To co te szpitale w 20 lat wyparowaly? Bo z tego co widze - tam gdzie byly, dalej sa, chyba, ze te, ktore generowaly gigantyczne straty.
Powstalo do tego calkiem sporo nowych, lub stare zostaly przeniesione w nowe miejsca.
Lekarze mniej zarabiający, ale jakby bardziej znający się leczeniu i mniej wpatrzeni w papierki, limity, nakazy i przykazy NFZ. Jak to możliwe?
Co ma piernik do wiatraka? Lekarze zarabiali grosze, dwoch lekarzy w rodzinie zarabialo mniej niz gornik i to nie pracujacy na dole.

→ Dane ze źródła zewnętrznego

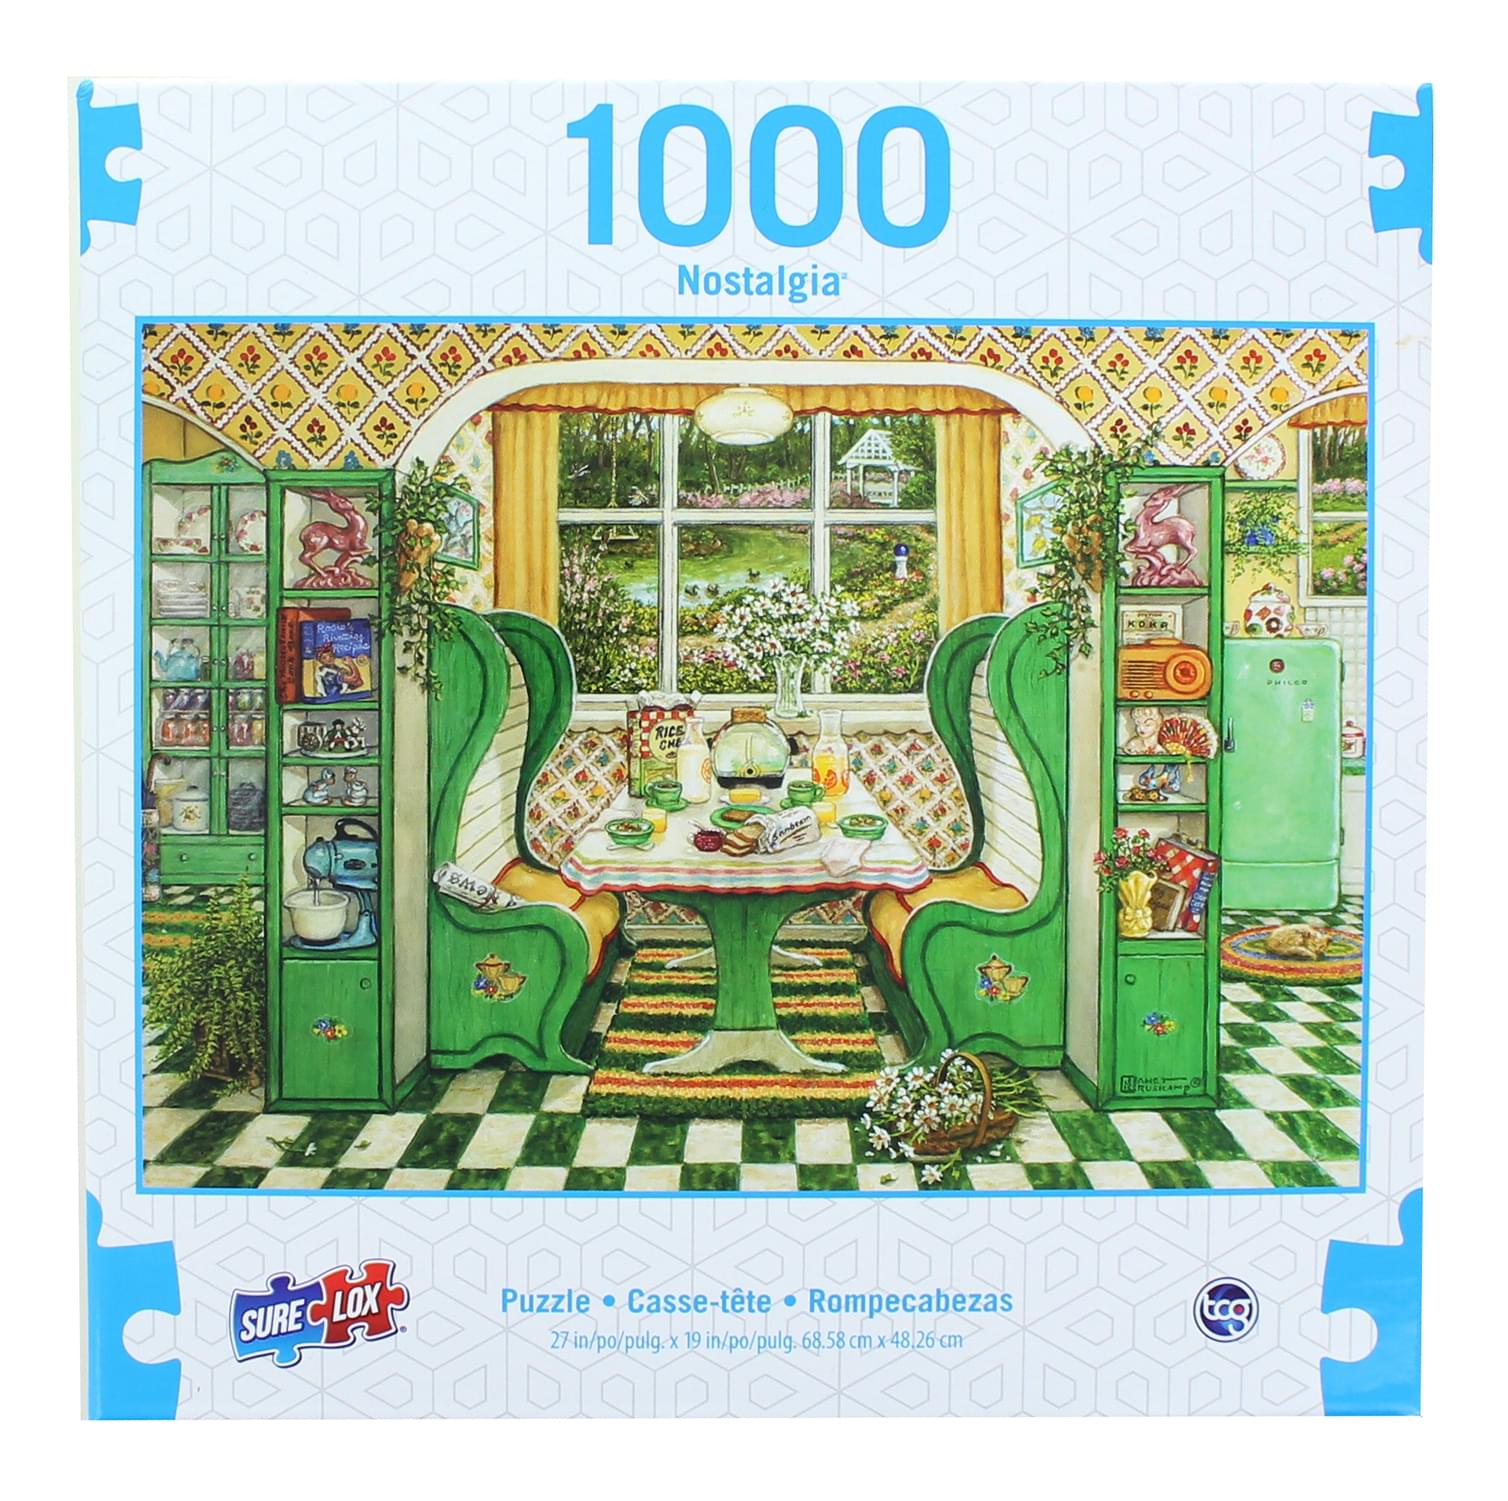 Nostalgia 1000 Piece Jigsaw Puzzle | 1940s Breakfast Nook

Wpatrzeniu w papierki, limity? To gdzie tu lezy wina lekarza w maksymalnym zadministrowaniu leczenia i koniecznosci wypelniania masy papierow?
Nakazy i przykazy - tzn. jak w Twojej wyobrazni ma lekarz pracowac? Ma np. zakontraktowanych 100 badan USG to ma wykonywac nadliczbowe charytatywnie?
Po czym wnioskujesz, ze "bardziej znal sie na leczeniu"?
Dycu [ zbanowany QQuel ]
mirencjum - Wytłumaczyłbym Ci, ale szczerze powiedziawszy obawiam się że prezentując spojrzenie "mi było lepiej, no to jak ta komuna mogła być niefajna" zwyczajnie nie zrozumiesz mojego, bardziej ogólnego, spojrzenia na sprawę, widząc jedynie w życiu koniec swojego nosa.